Русский Журнал / Обзоры / Выставки
www.russ.ru/culture/vystavka/20041105.html

Болезнь Истории и история болезни
Андрей Ковалев

Дата публикации:  5 Ноября 2004

Недавно имел разговор с Анатолием Осмоловским. Обнаружил, что этот глубоко наивный художник и очень милый человек лелеет надежды на то, что Власть и Деньги обратят наконец свое высокое внимание на современное искусство в целях украшения морды лица на мировой арене. На что мне пришлось ответить, что они сами для себя придумают свое собственное современное искусство. Современное по форме и очень национальное по содержанию. Процесс уже пошел, в связи с чем я порекомендовал товарищу Осмоловскому ознакомиться с моим обзором искусственной жизни, посвященным проекту "Deisis/Предстояние".

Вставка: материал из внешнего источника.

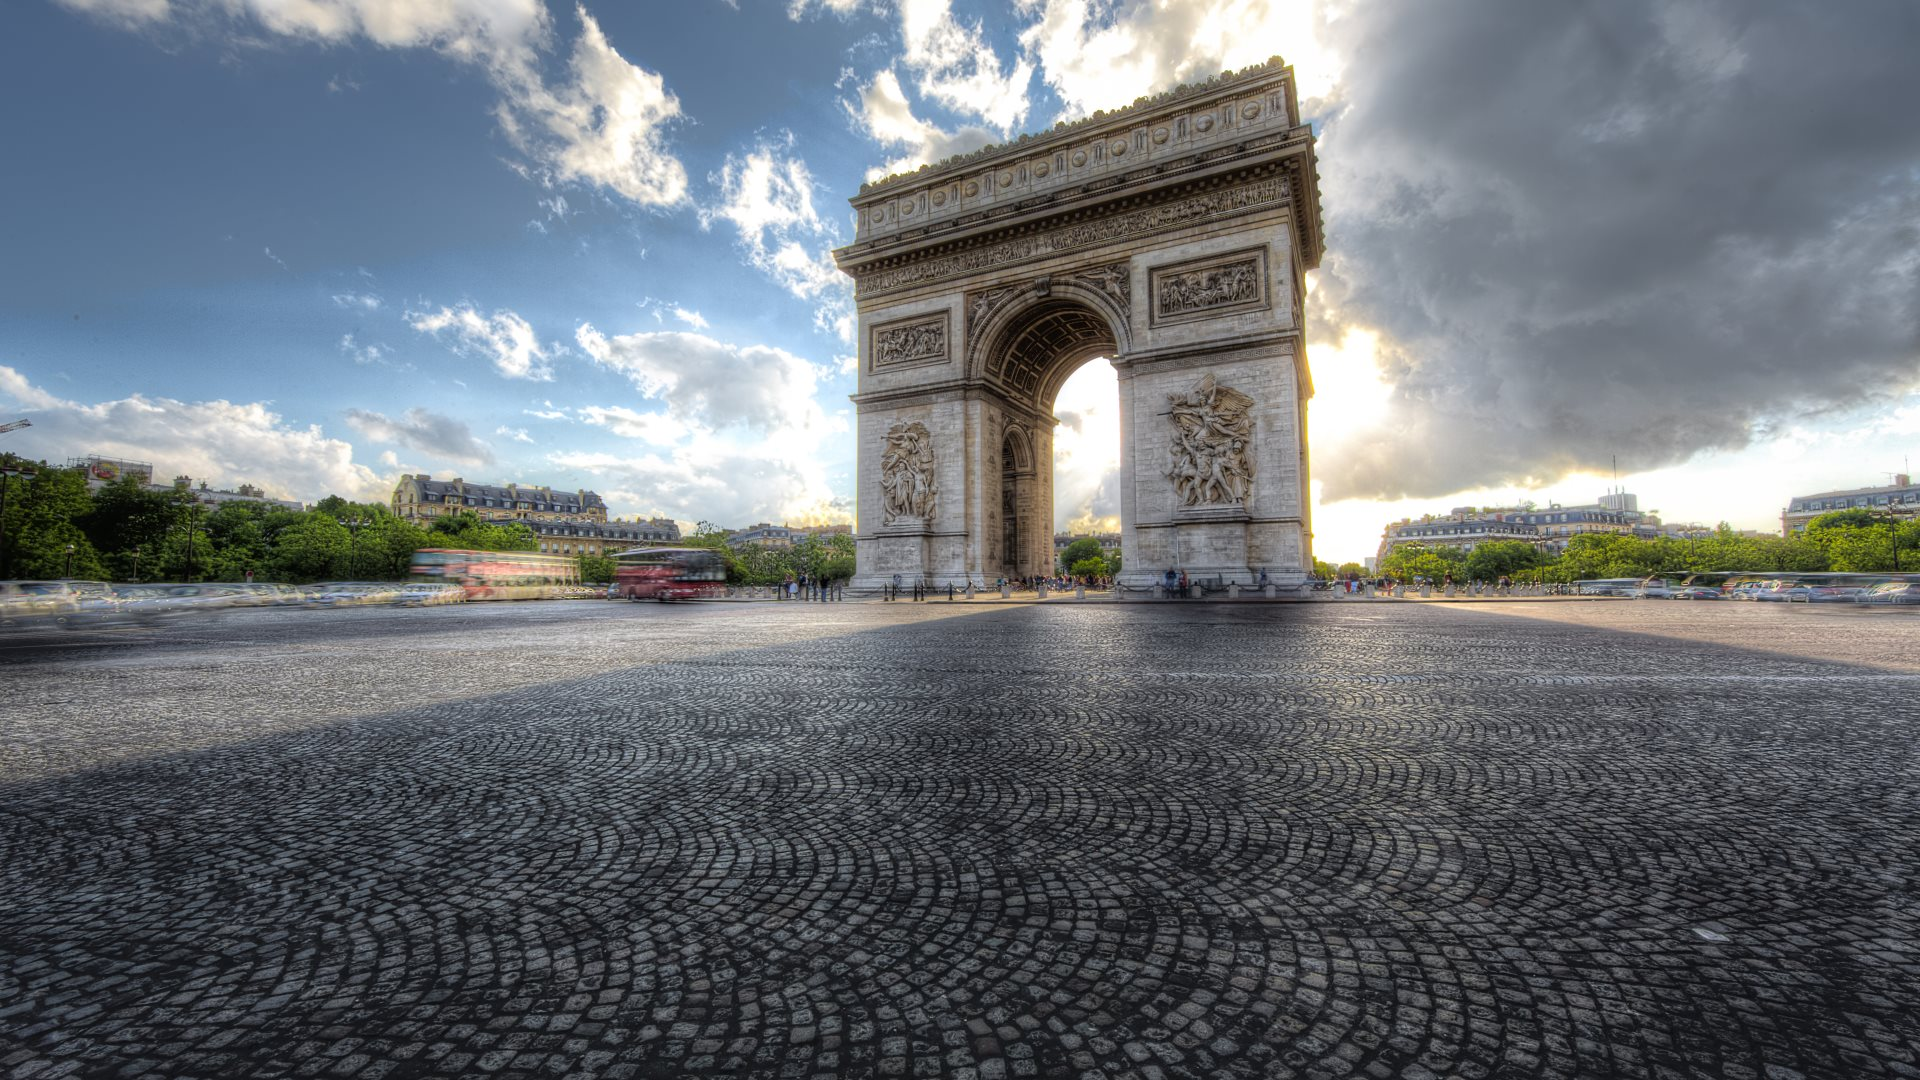 arc de triomphe hd - photo #14

Должен только прибавить: сей грандиозный проект имеет чисто внешнее сходство с соврискусством, поскольку его создатели категорически вытравили саму возможность аналитического подхода. Явление, которое на птичьем наречии именуется дискурсом современного искусства, все же подразумевает определенный уровень рефлексии над средствами производства и способами выражения. Но рефлексия, которая есть основополагающий фактор стилеобразования, в условиях нашей глянцевой стабилизации попадает под решительный запрет. Точно так же нельзя говорить о том, что проект является инструментом новых поисков идентичности. Следует различать природную адекватность аборигена и сложную и ускользающую самоидентичность Клода Леви-Стросса.

А значит, рассмотрение безгранично адекватных общественно-политической ситуации проектов относится скорее к ведомству структурной антропологии. По этой причине академический салон, о котором шла речь в прошлом обзоре, также выпадает из зоны рассмотрения науки об искусстве, поскольку является стопроцентным имперским фольклором.

Вопрос общеполитический; трудно себе представить, например, столь же большую и дорогую выставку критического реализма. На место, которое занимали "Бурлаки на Волге", водружена "Фрина на празднике Элевзина", а "Арест пропагандиста" засунут в дальний угол. Впрочем, следует отметить, что история наша развивалась таким образом, что и социальный критицизм на определенных этапах выливался в чистый салон.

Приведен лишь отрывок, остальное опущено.